On-policy self-distillation pulls a student toward a copy of itself conditioned on privileged context — a verified solution or environment feedback. On math reasoning the gains are inconsistent: the privileged context turns the teacher into an oracle that is confident on tokens already implied by the answer (structural connectives, verifiable claims) and unsure on the deliberation tokensWait, Let, Maybe — that drive multi-step search. Standard self-distillation descends a divergence from this oracle, reinforcing template tokens and weakening the deliberation tokens that actually do the work.

AntiSD inverts the direction: it ascends a bounded Jensen–Shannon divergence between student and teacher rather than descending it, with an entropy-triggered gate that disables the term once the teacher's per-token entropy collapses.

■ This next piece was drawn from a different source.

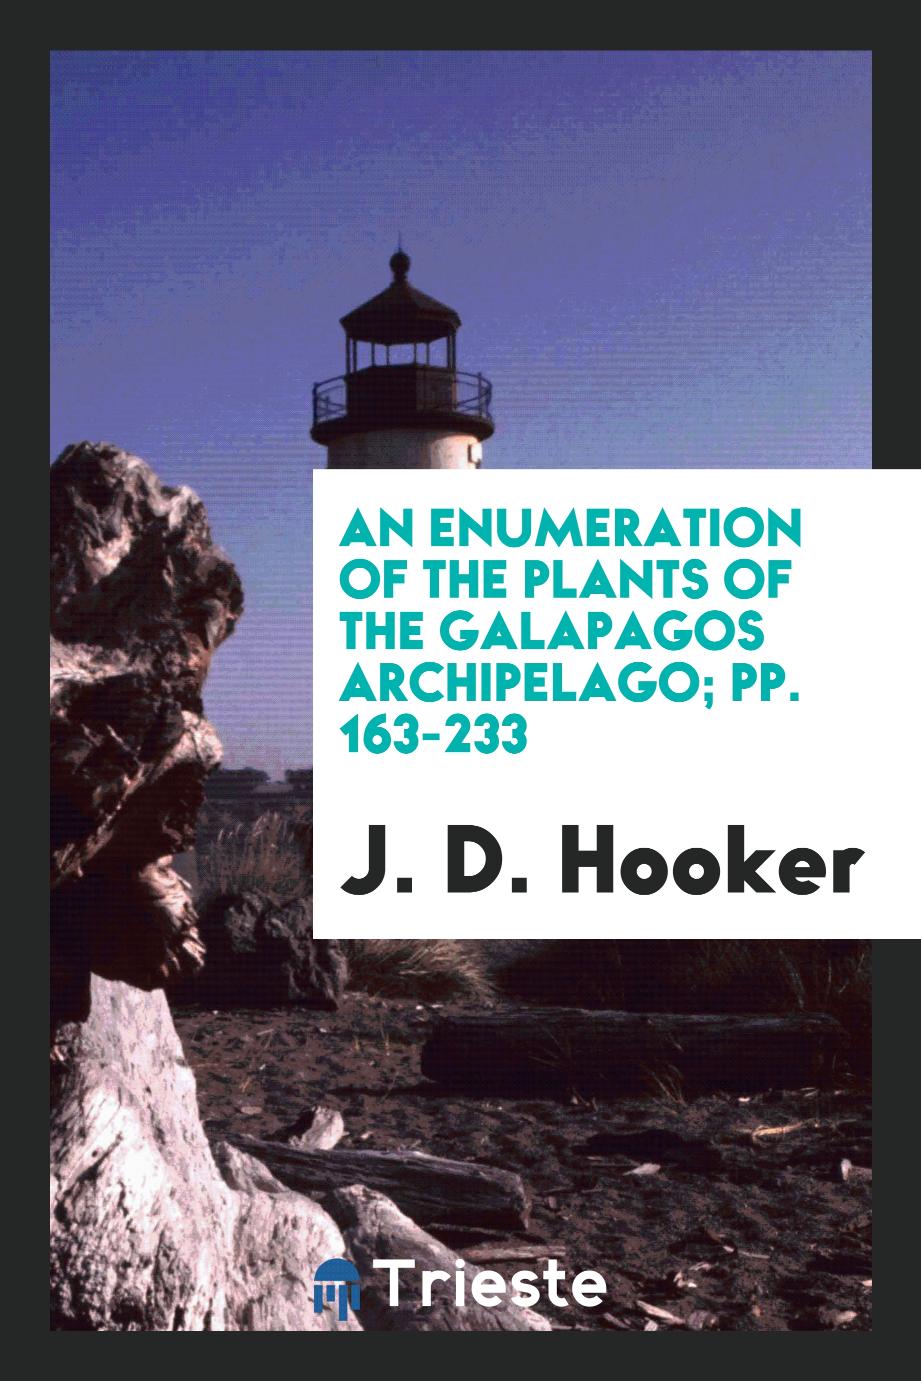 An enumeration of the plants of the Galapagos Archipelago; pp. 163-233

The pointwise mutual information characterization in the paper gives a per-step account of why this works.

 

An oracle-conditioned teacher biases the student toward a single root; reversing the signal preserves deliberation and recovers the rest. (Right) Qwen3-8B on HMMT 2025: AntiSD reaches GRPO's peak in ~1/5 the steps and ends +15,pp higher; default self-distillation underperforms GRPO.

 

Per-token signal $u_t = t_t - s_t$ on Qwen3-4B-IT-2507 at AIME 2025. (Left) Single-rollout trace. (Right) $(\pi_S, \pi_T)$ heatmap. Blue marks deliberation tokens ($u_t \ll 0$); red marks shortcut tokens ($u_t \gg 0$).

📊 Main Results

Across five language models from 4B to 30B parameters on math reasoning benchmarks (AIME 2024 / 2025, HMMT 2025, BeyondAIME), AntiSD reaches the GRPO baseline's accuracy in 2 to 10× fewer training steps and improves final accuracy by up to 11.5 points.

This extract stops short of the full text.